I recently interviewed an architect who compared good architecture to solutional poetry. “Like a good poem,” he told me, architects are “trying to find a pure system and order…as opposed to cacophony or randomness.”
I started to think about how solutional poetry could be applied to our work at TypeA. How can content creators find order in the digital world, which is anything but orderly? Like architects, we walk the fine line between creativity and system. How do we turn our stories into solutions that make marketing sense? Let’s take the example of an architect’s blog, and how it could become solutional poetry.
1. Flow
Brainstorming is the art and flow of generating ideas, and every design blog needs good ideas. In the beginning stages, we brainstorm, research editorial and squeeze every last possible blogging topic out of things like U.S. holidays, random holidays, design inspirations, design events, pop culture phenoms and the architect’s design specialization. It could result from stream of consciousness too. No idea is too crazy or dumb. It’s important to simply get ideas down on paper (or chalkboard). Editing comes later.
2. Organize
Most novelists and screenwriters write outlines to help visualize their stories. Architects, too, use blueprints (or CAD).
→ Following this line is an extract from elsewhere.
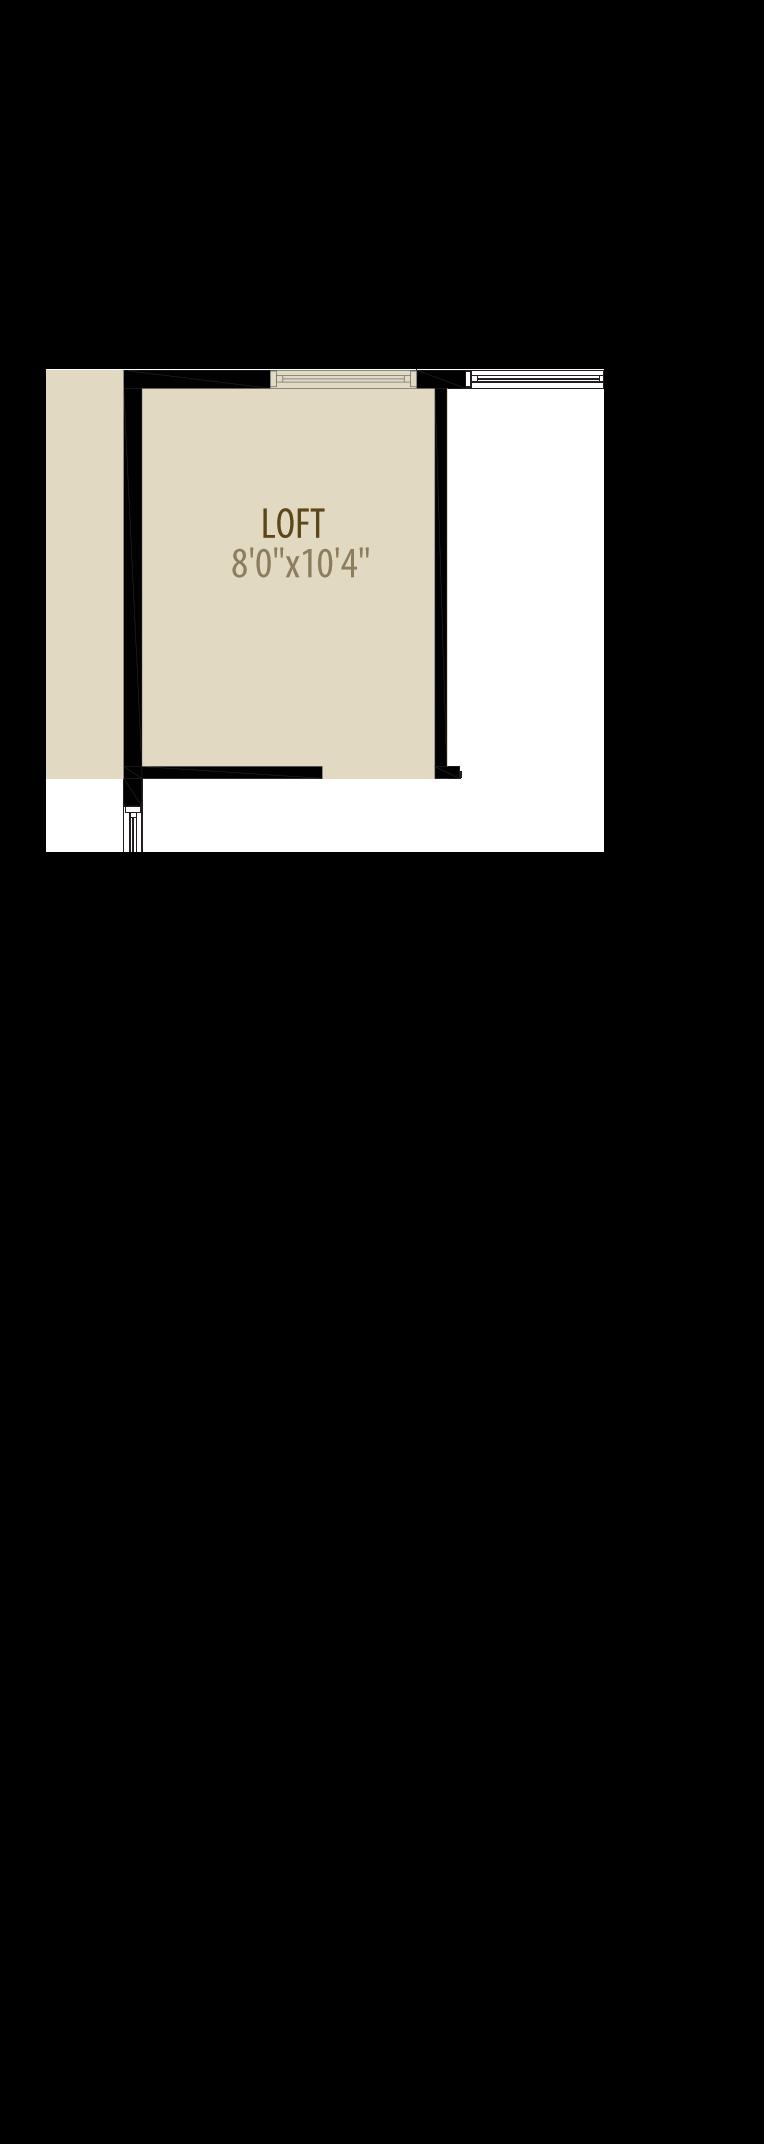 Option 1 Loft
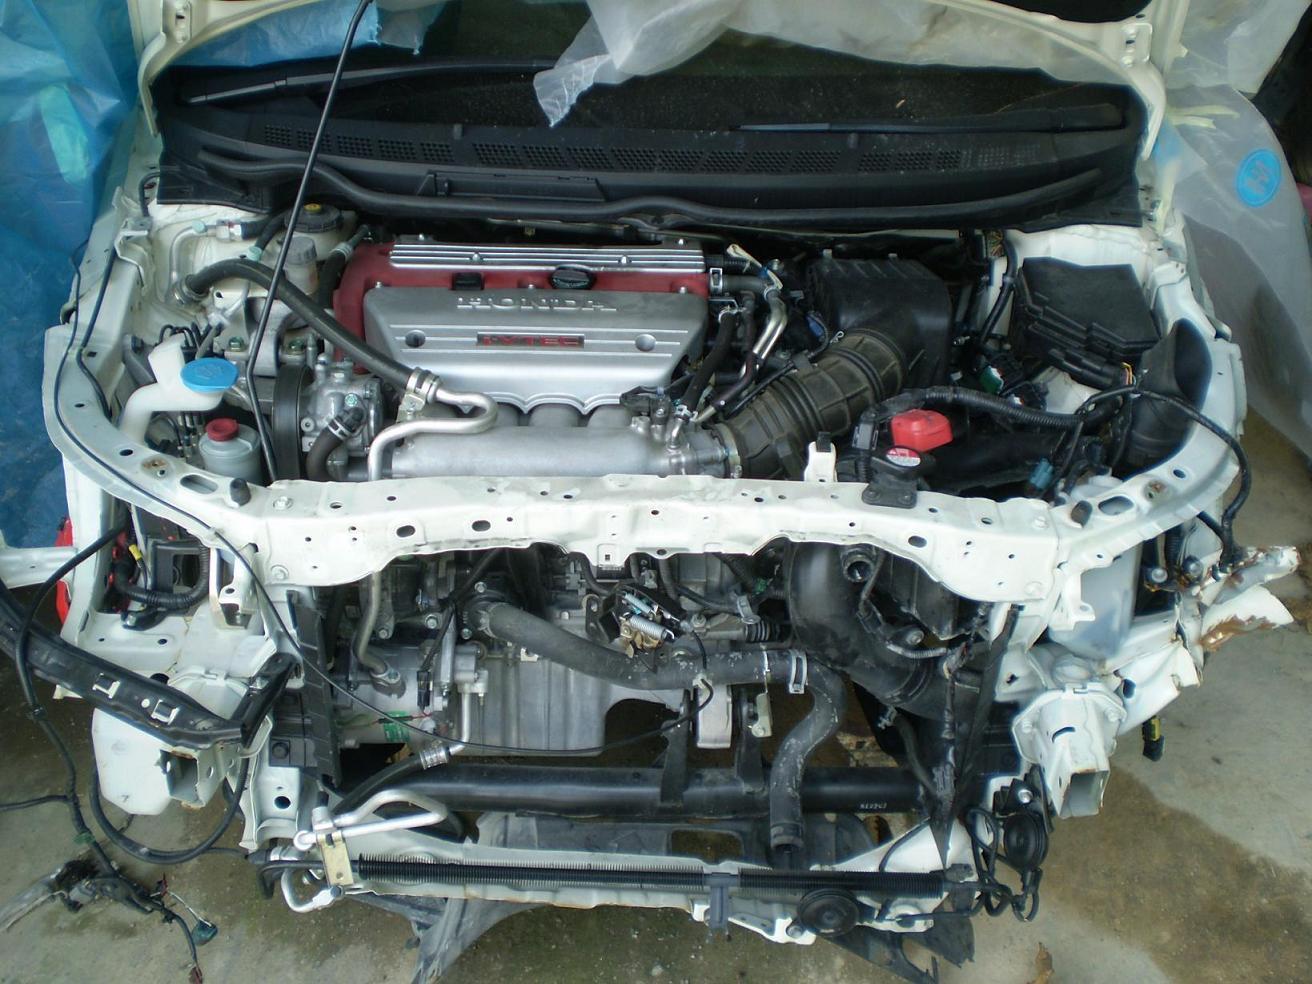 Honda Civic Engines For Sale >> Used Engine Honda Civic Fd2 Buy Engine Product On Alibaba Com

We apply a similar technique to a client’s blog, but we call it a “content calendar.” Content calendars are our way of organizing and editing the ideas we developed during our brainstorming session. It also gives us a big-picture view of the blog–its overall theme, strategy, the rhythm and flow of story topics, etc. From this vantage point, we are able to identify gaps or areas for further exploration–so there is a natural logic to the blog. (This isn’t to say we can’t add new topics that are timely or relevant, but we use the calendar as our general map for blogging.)
3. Write
Once we lock down the calendar and have client approval, we start to build with words–the poetry of who, what, when, where, why and how.
While I wouldn’t dare argue that developing a blog is even artistically close to creating a poem or even designing a building, there is an order and logic to be found in the creative process. And vice versa, there is an art to blogging too. You are still creating something from nothing.
What does ‘solutional poetry’ mean to you? How can you apply it to what you do?